A "Palavra de Deus": uma resposta a Pedro


Caro Pedro,

Você está equivocado quanto à minha compreensão das Escrituras. O problema está na forma como compreendemos certos conceitos que você utilizou. O mais importante deles é o conceito de “Palavra de Deus”. Você, aparentemente, define esse conceito como sendo sinônimo exclusivo de “Bíblia”. Assim, para você, por a Bíblia ser a “Palavra de Deus”, ela teria uma origem divina – de alguma forma, tudo o que esteja escrito naquele conjunto de livros, para você, é originalmente divino. É esse seu sentido de “divindade” original que não abraço. Para mim, a Bíblia é, sim, um conjunto de textos “divinos”, mas não porque os textos tenham sido escritos já como “divinos”. As Escrituras (prefiro chamar a Bíblia de “Escrituras” para reforçar a sua multiplicidade) passaram por um processo de “divinização” – isto é, o texto originariamente humano é reconhecido como “divino” porque, para os ouvintes (a maioria dos primeiros cristãos era de ouvintes, e não de leitores das Escrituras), aquelas palavras os aproximavam do Divino e lhes mostravam o caminho,

Você consegue perceber a diferença em nossa compreensão?

Para mim, a “Palavra de Deus” é Jesus Cristo, e não a Bíblia em si. Obviamente, “Palavra de Deus” é apenas uma metáfora, não uma declaração literal. Por isso, poderia ser aplicada igualmente à Bíblia. Mas eu, pessoalmente, prefiro utilizar a metáfora apenas quando me refiro a Jesus. É por essa razão que você – como me escreveu – possivelmente nunca leu nada que eu tenha escrito se referir à Bíblia como “Palavra de Deus” (bem, você pode nunca ter lido ou ouvido, mas, na verdade, eu já me referi algumas vezes às Escrituras como tal, em contextos muito específicos).
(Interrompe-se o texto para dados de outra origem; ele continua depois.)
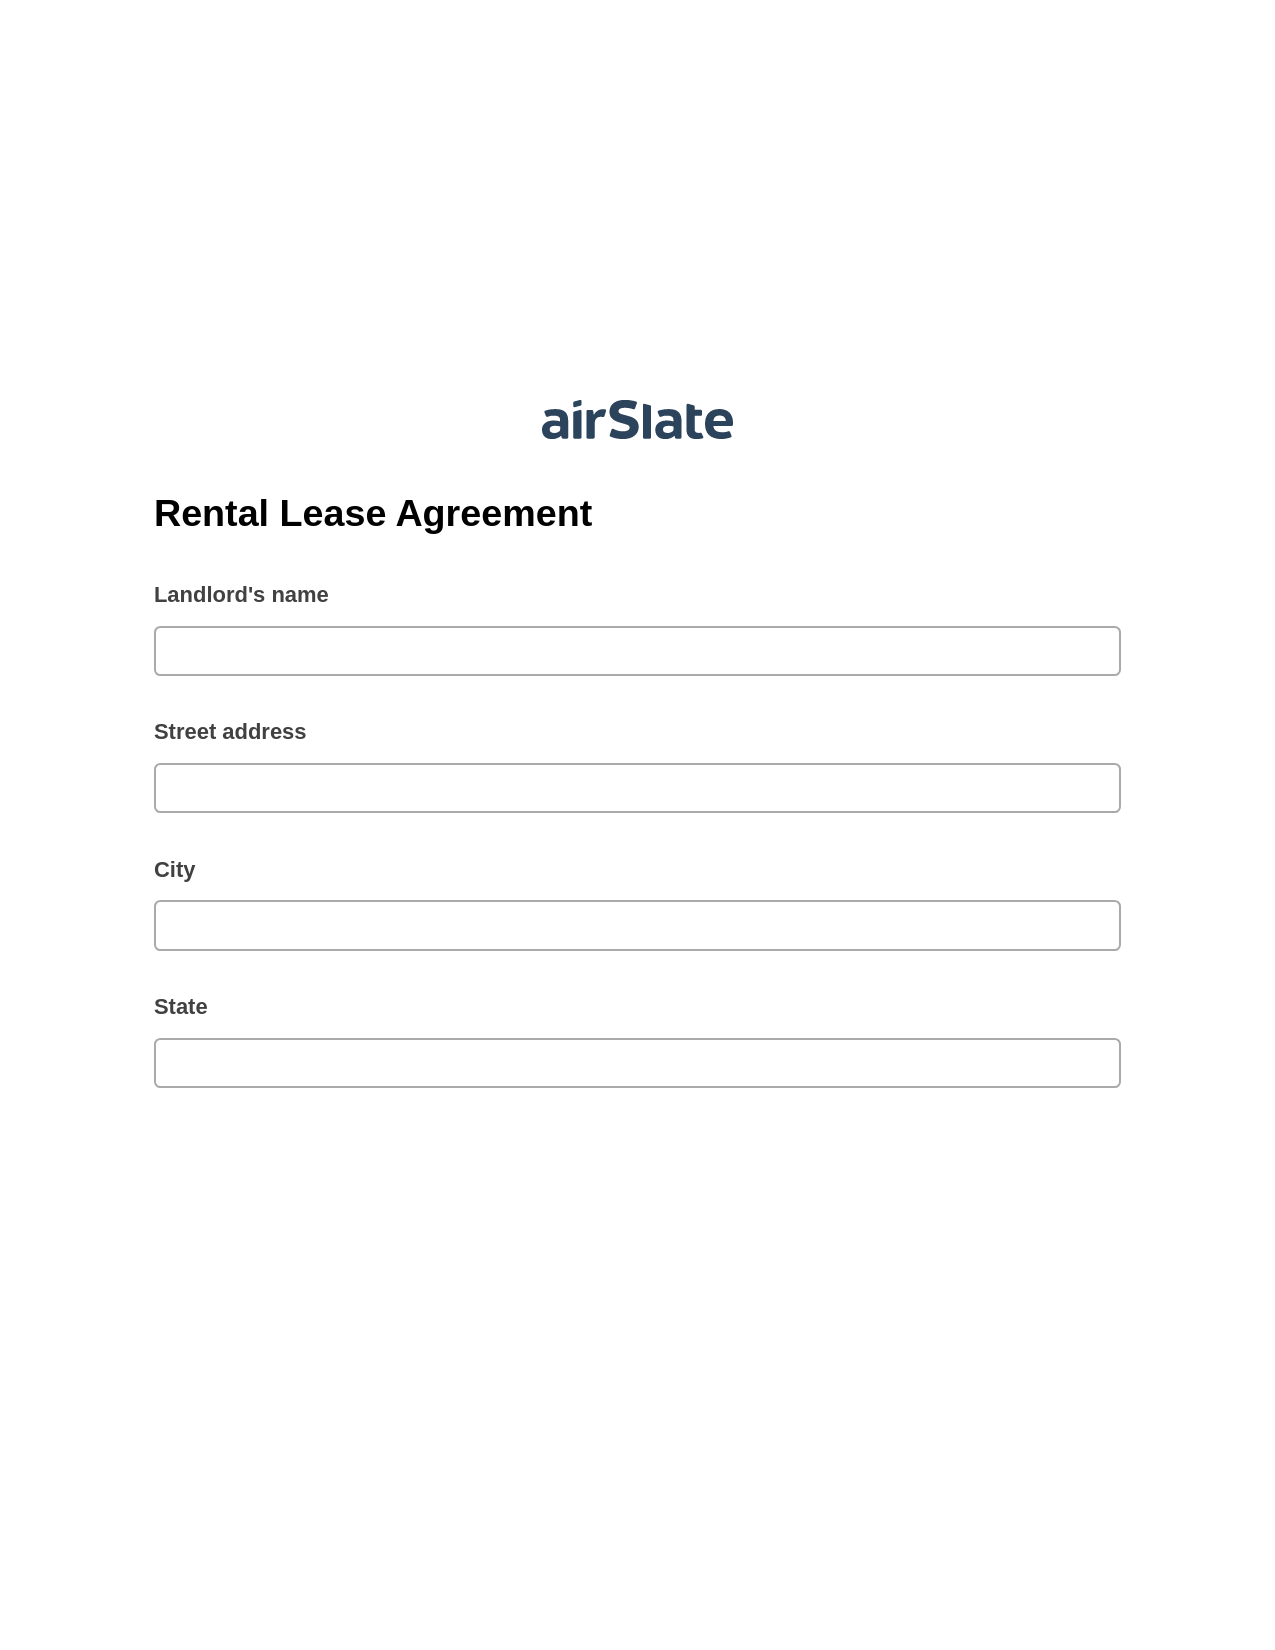 Multirole Rental Lease Agreement Pre-fill from Google Sheet Dropdown Options Bot, Invoke Salesforce Process Bot, Box Bot

A Bíblia não pode dizer ser ela a “Palavra de Deus” por duas razões simples: 1) a Bíblia não diz absolutamente nada, quem diz são seus autores – isso parece ser uma banalidade, mas é essencial para que você desenvolva uma compreensão mais madura de sua leitura; 2) não pode haver uma afirmação na Bíblia de que ela seja a “Palavra de Deus”, no sentido que você dá ao termo, porque os autores da “Bíblia” não sabiam sobre a existência da “Bíblia”! A Bíblia, enquanto livro unitário, no singular, é uma invenção recente. As Escrituras surgiram como um conjunto de textos distintos, escritos em lugares e contextos diversos, por autores diversos, em línguas diversas e até, pelo menos, o século XVI ainda não havia sido estabelecido o cânon definitivo dos livros daquilo que hoje lemos como um livro unitário. E os homens foram não apenas os autores e tradutores dos escritos, mas também aqueles que decidiram quais desses escritos estariam nas traduções que lemos hoje!

E essa é uma das razões mais importantes para que eu não abrace sua perspectiva de origem divina das Escrituras – há muitas outras razões, mas já escrevi sobre elas naqueles textos que você citou em sua mensagem.
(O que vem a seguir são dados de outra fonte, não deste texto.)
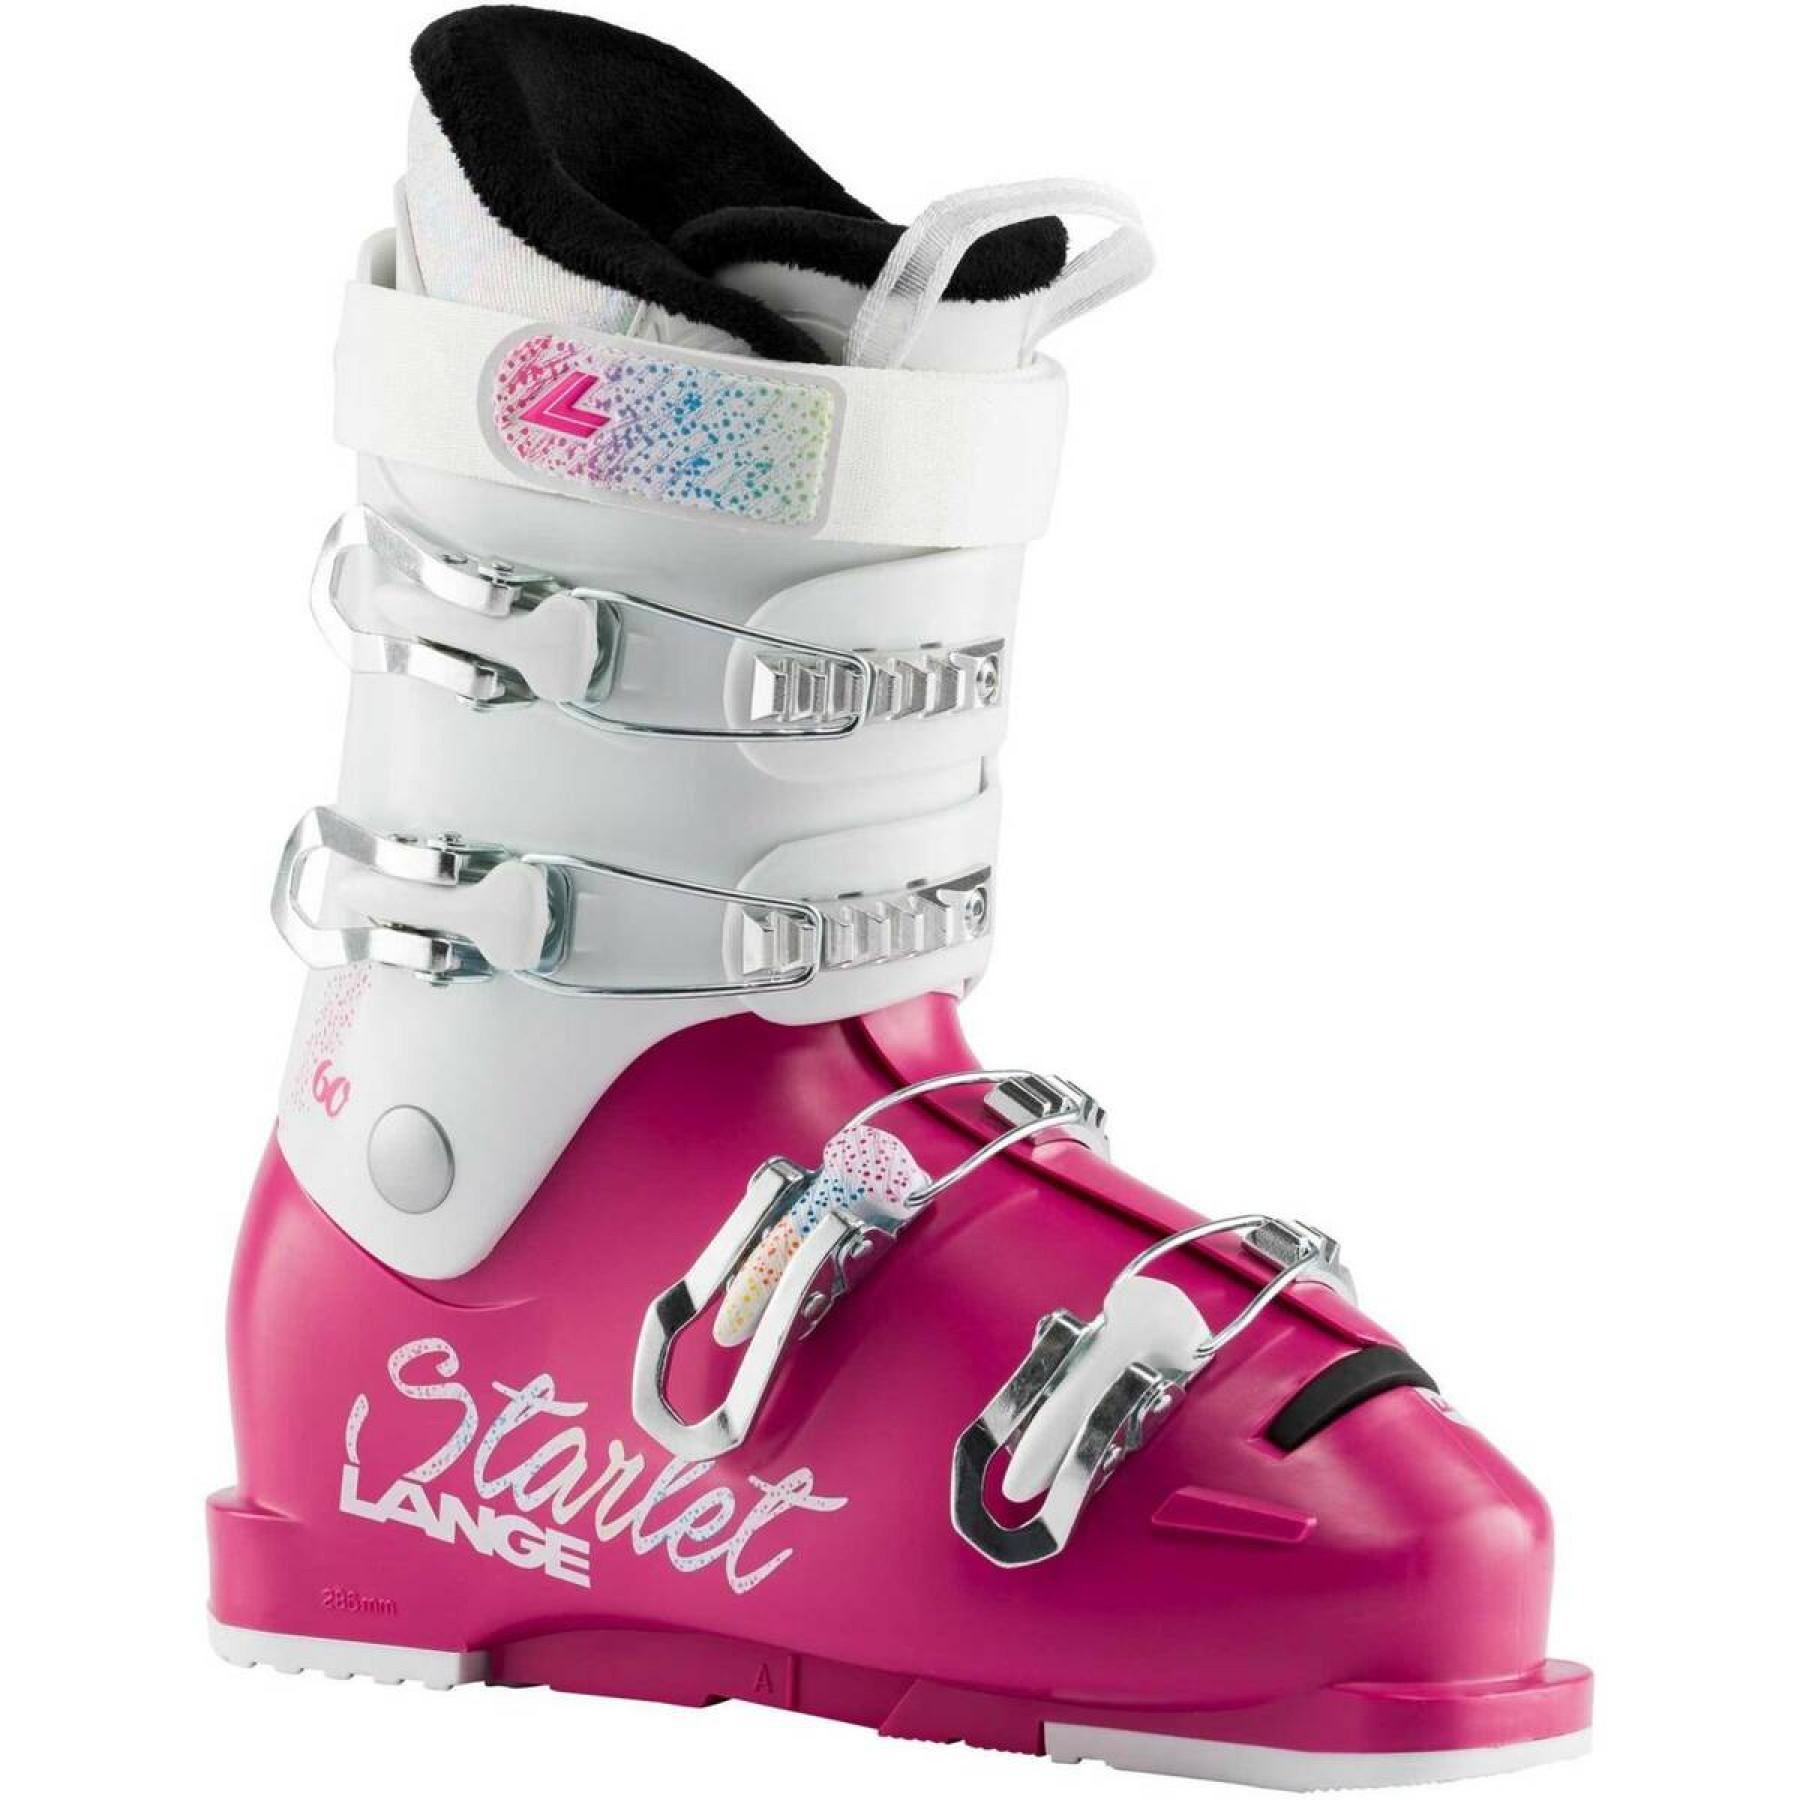 Children's ski boots Lange starlet 60

Ler é interpretar, e a interpretação é um processo. E nenhum cristão lê a Bíblia por si só – ou seja, o sentido que dá à sua leitura não advém apenas das palavras que encontra impressas sobre as páginas. Todos nós, quando lemos as Escrituras – ou qualquer outro texto escrito –, utilizamos em nossa ação interpretativa as ferramentas que encontramos em nosso próprio “universo cultural”. Dentre essas ferramentas estão os conceitos que já internalizamos – voluntária ou involuntariamente – sobre, por exemplo, Deus, Jesus Cristo, a humanidade, a vida, a morte etc. Assim, um católico romano, um luterano, um presbiteriano, um unitarista, um santo dos últimos dias, ou um pentecostal, podem ler a mesma porção dum texto bíblico e compreendê-lo de formas diferentes e, muitas vezes, conflitantes.

Essa noção de que as Escrituras são interpretadas, ao menos parcialmente, com base naquilo que trazemos em nossa visão de mundo, obviamente, não é geralmente aceita por aqueles que acreditam na Bíblia como tendo uma origem literalmente divina. É por essa razão que, para eles, há apenas uma interpretação válida da coleção de livros que chamamos de Bíblia – e que alguns tratam como se fora um único livro, com uma única mensagem, com uma única intenção, com uma única origem.

A multiplicidade de fontes para a ação de interpretar as Escrituras inclui o próprio texto, a tradição, a razão, e ação divina. Isto é, a maioria das tradições teológicas cristãs reconhece que há no processo de engajamento com o texto bíblico uma multiplicidade de relações. Mesmo você reconheceu isso, quando escreveu sobre a ação do Espírito Santo.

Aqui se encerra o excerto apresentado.